La viralización de una serie de supuestos audios que involucran directamente al presidente de Argentina, Javier Milei, en un escándalo político y judicial en el país trasandino.
El material, cuya autenticidad está siendo puesta bajo la lupa, no solo expone conversaciones de alto voltaje sexual con una mujer de su entorno, sino que disparó una presentación judicial formal por parte del periodista Santiago Cúneo, quien solicitó investigar si la filtración constituye un delito contra la seguridad de la Nación.
Según consignó el medio argentino Perfil, la acción judicial apunta a esclarecer el origen y eventual carácter ilícito de los registros de audio viralizados en redes sociales y difundidos en un programa de televisión.
La denuncia sostiene que el contenido de las grabaciones no solo afecta la esfera privada del mandatario, sino que podría comprometer información sensible vinculada a sus protocolos de seguridad.
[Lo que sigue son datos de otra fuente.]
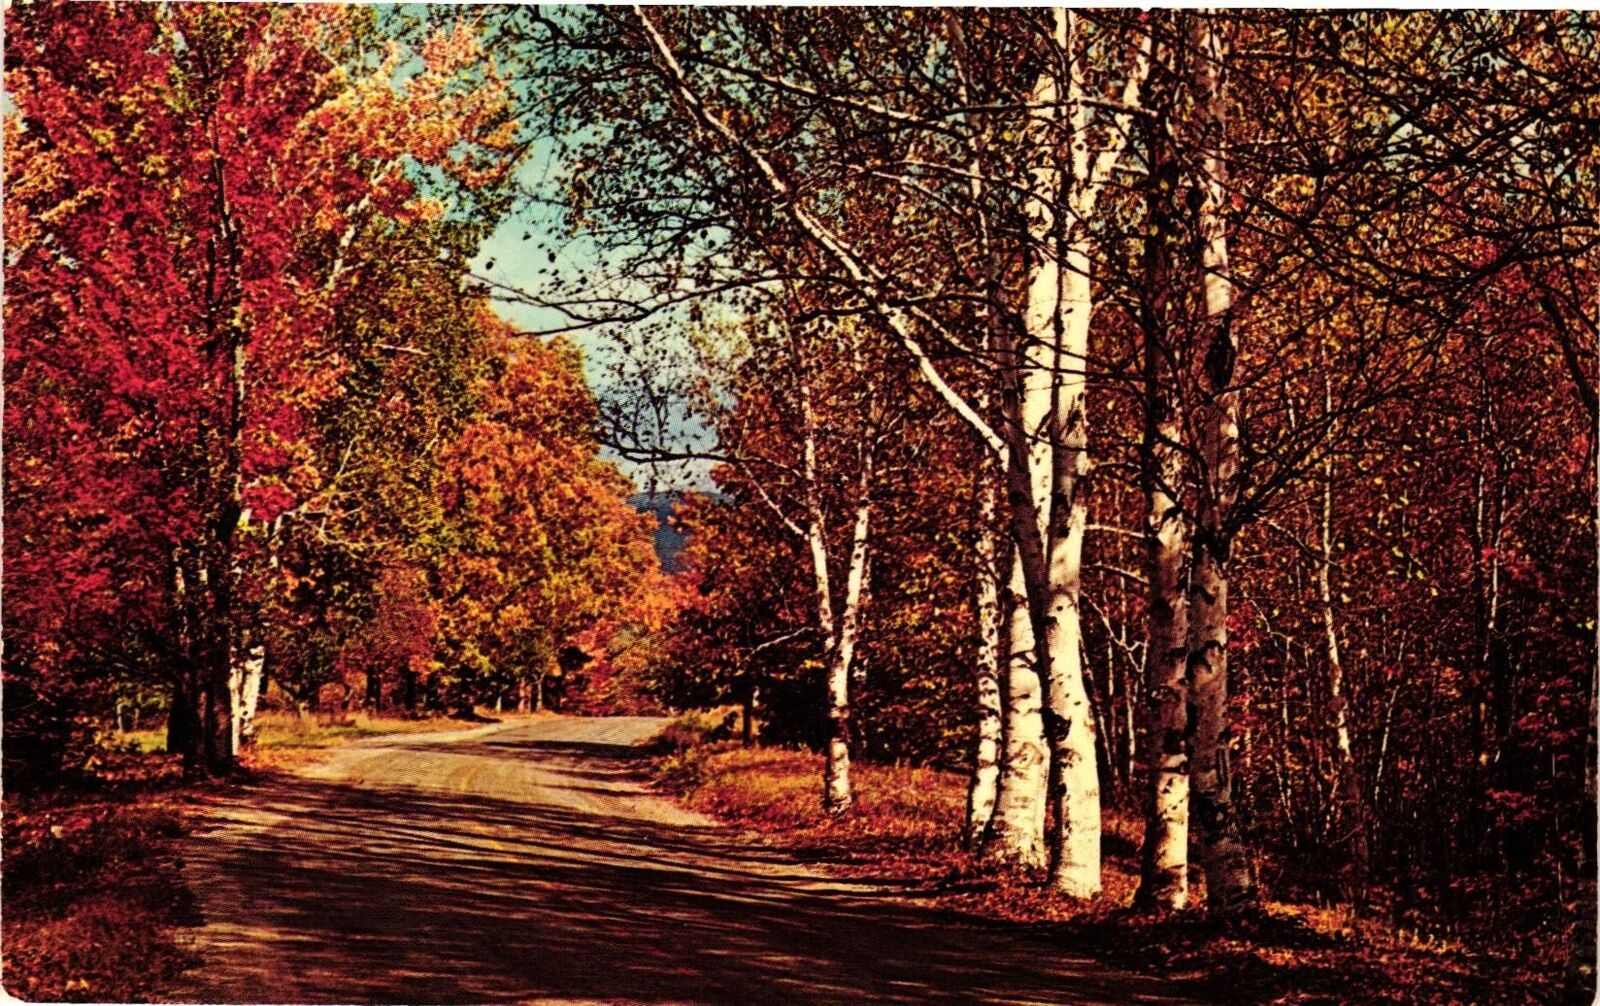 Vintage Postcard- Country Road in Autumn. 1960s

Uno de los fragmentos que motivó la presentación judicial incluye preguntas realizadas por Rosemary Maturana —asesora de imagen cercana al jefe de Estado— sobre desplazamientos y resguardos presidenciales durante viajes al exterior.
De acuerdo al citado medio, la asesora habría tenido un rol relevante en la construcción estética y comunicacional de Milei, particularmente en la imagen “rockera” que proyectó durante su irrupción política.
El contenido de las supuestas grabaciones, marcado por expresiones de carácter sexual y lenguaje explícito, se viralizó rápidamente en plataformas digitales, desplazando el debate político hacia la exposición de la vida privada del mandatario argentino.